Dimanche 1er septembre, 19h, 45 rue de Lancry, Paris 10e. Ce qui attire d’abord l’attention, ce sont les grandes plantes sèches dressées sur la terrasse, qui lancent le regard vers le haut. L’immeuble moderne qui est derrière est beau par la régularité de sa façade dont les fenêtres hautes et étroites sont toutes des portes-fenêtres avec garde-corps métalliques. La réglementation sous Pompidou a interrompu la règle hausmannienne : les immeubles pouvaient être plus hauts, à condition qu’ils soient en retrait, de façon à ce que, de la rue, ils semblent alignés avec les plus anciens. Un effet littéralement collatéral est la présence d’une terrasse et de ces grands murs nus qui n’ont pas pu être mitoyens. Puis est venu le temps, qui dure depuis trente ans, des tags et des graffs, qui donnent lieu à des compétitions et à des exploits, souvent dangereux. L’écran publicitaire qui défile et qui affiche un iPad ouvrant lui-même sur l’image d’un clavier virtuel en semble l’antidote. Mais il n’est au fond que la version industrielle, clean et démultipliée à l’échelle de ses dizaines de millions d’exemplaires, du même désir. On le voit, la lisibilité n’est pas réservée aux mots, ni même aux signes. Auteur de La Lisibilité du monde, le philosophe Hans Blumenberg est évoqué par Georges Didi-Huberman dans Atlas ou le gai savoir inquiet (Minuit, 2011), page 15, pour dire : « Lire le monde est une chose bien trop fondamentale pour se trouver confiée aux seuls livres ou confinée en eux : car lire le monde, c’est aussi relier les choses du monde selon leurs ‘rapports intimes et secrets’, leurs ‘correspondances’ et leurs ‘analogies’. » (Cité par L. dans son blog Übersicht.)

Décors parisiens avec de vrais morceaux de ciel




Lundi 27 août 2012, 19h-20h30, Paris 11e. Dans un quartier traversé à l’excès depuis 40 ans, des vues qui s’imposent dans une lumière spéciale de fin du jour. Lieux : angle de la rue Saint-Bernard et de la rue de Charonne, angle du passage Josset et du passage de la Bonne Graine, angle de l’avenue Ledru-Rollin et de la rue de Charonne. À Paris, dans ce Paris déjà de l’Est où les époques coexistent malgré tout, on ne parlera pas de skyline, mais, de nouveau, de contre-forme, de découpages de ciel.

À Cabourg




Mardi 31 juillet 2012, vers 14h, 16h et 18h, Cabourg.

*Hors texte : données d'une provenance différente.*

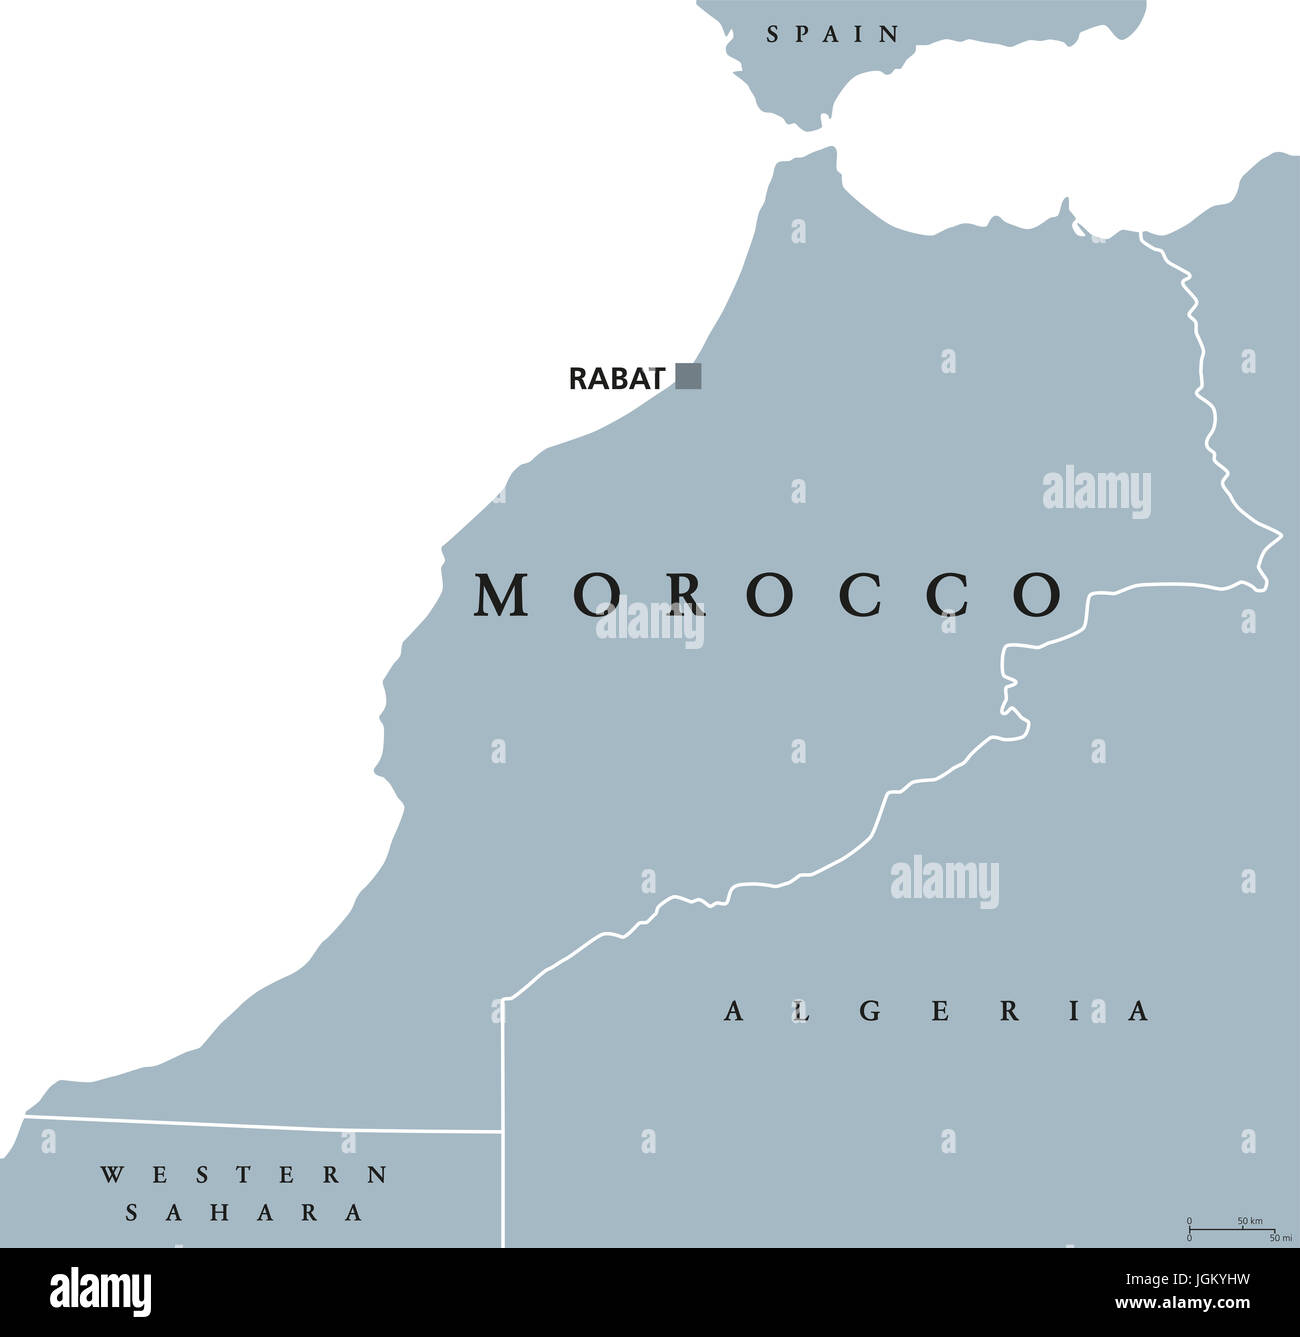 Marruecos mapa político con capital Rabat y fronteras. Reino y país árabe en la región del Magreb en el norte de África. Ilustración de color gris. Foto de stock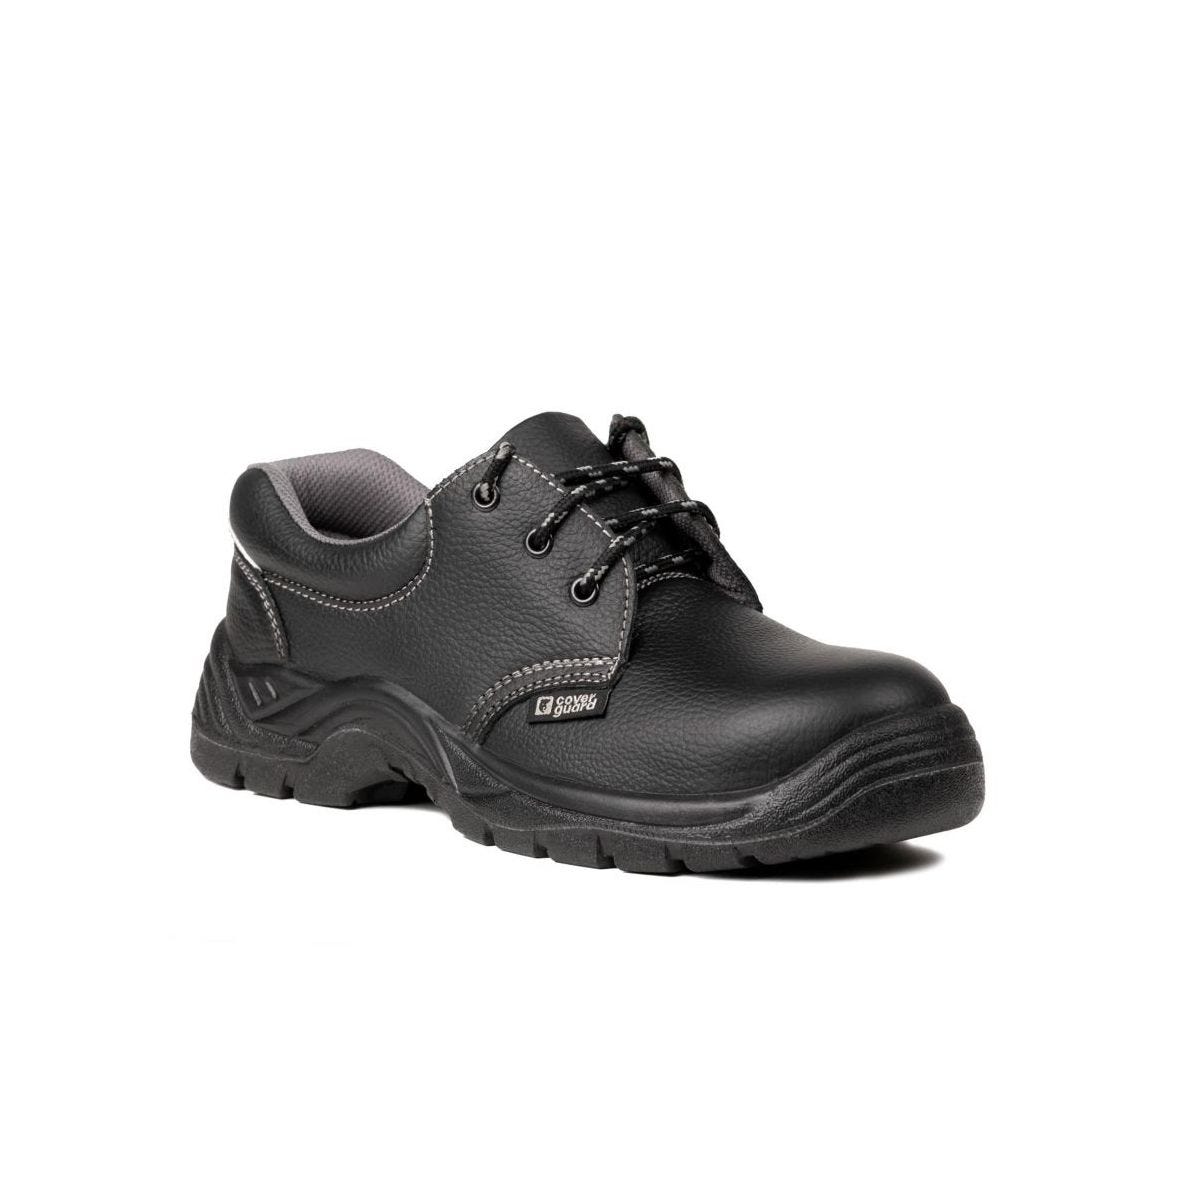 Chaussures de sécurité basses AGATE II S3 Noir - Coverguard - Taille 35 0

Marche sur la plage vers l’est : quelques personnes suivent la mer qui se retire pour aller pêcher. L’extrémité de la dune. Dans l’après-midi, le soleil s’est installé et il y a progressivement beaucoup de monde sur la digue et sur la plage. Dans la ville ancienne au plan rayonnant autour du Casino et du Grand Hôtel, toute une collection de villas construites à la fin du XIXe et au début de XXe siècle, et presque que ça. Sur la place, un bel exemple du style néo-normand, dont l’architecte pourrait être Émile Mauclerc, vers 1910. Je suis venu pour la première fois à Cabourg en 1970, invité par un ami dont la famille possédait une maison ici sur la digue, et aussi une autre grande maison avec un parc à Trouville. Ce fut l’un de mes contacts avec la grande bourgeoisie parisienne.

Aubervilliers, où es-tu ?


Mercredi 25 juillet 2012, 16h. En revenant de Saint-Denis en voiture, une visite de curiosité à ce centre commercial, récemment ouvert Porte d’Aubervilliers « au bord de l’eau » (une branche du canal de Saint-Denis), dans la nouvelle zone d’activité du Millénaire (« 300 entreprises et 12 000 salariés en moins de 10 ans »). Architecture de hangars, rien de nouveau, sauf peut-être dans le parking : une voix de synthèse (Alphaville) prononce automatiquement trois fois le numéro de votre emplacement.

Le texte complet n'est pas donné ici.